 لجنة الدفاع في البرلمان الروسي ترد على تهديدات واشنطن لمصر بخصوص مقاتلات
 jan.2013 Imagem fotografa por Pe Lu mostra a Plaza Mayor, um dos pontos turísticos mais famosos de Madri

━━━━━━

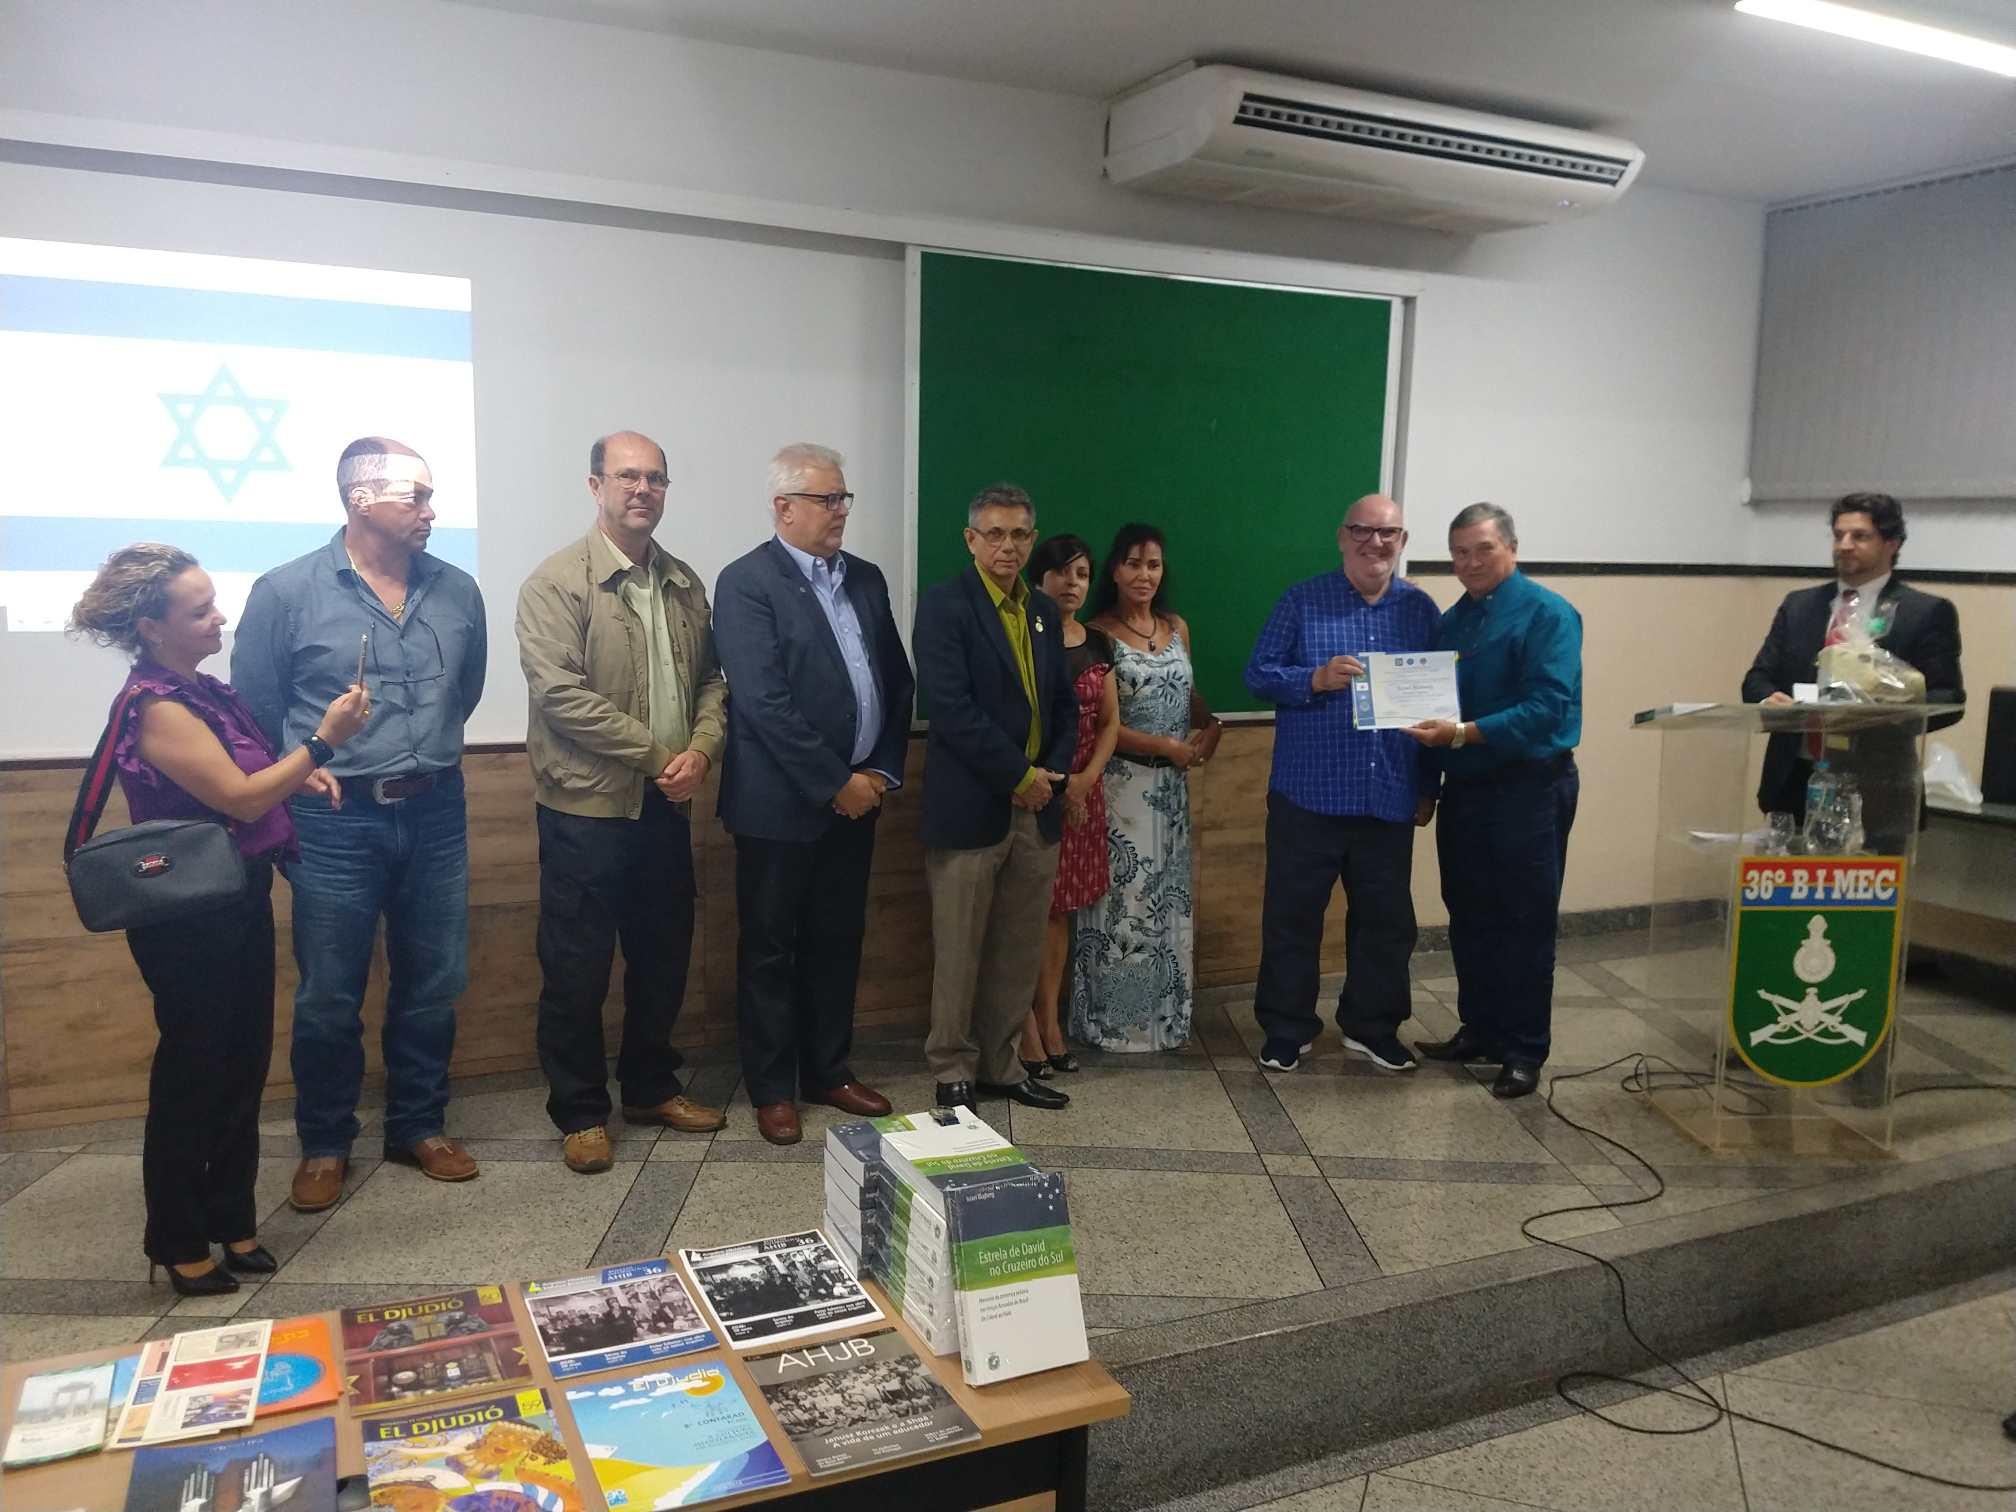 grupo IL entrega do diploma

━━━━━━

**Problem to solve:**
Take the records above and return, word for word, only the lines that fall from the line with "لجنة الدفاع في" to the line with "jan.2013 Imagem fotografa", both of them included.

**Answer:**
 لجنة الدفاع في البرلمان الروسي ترد على تهديدات واشنطن لمصر بخصوص مقاتلات
 jan.2013 Imagem fotografa por Pe Lu mostra a Plaza Mayor, um dos pontos turísticos mais famosos de Madri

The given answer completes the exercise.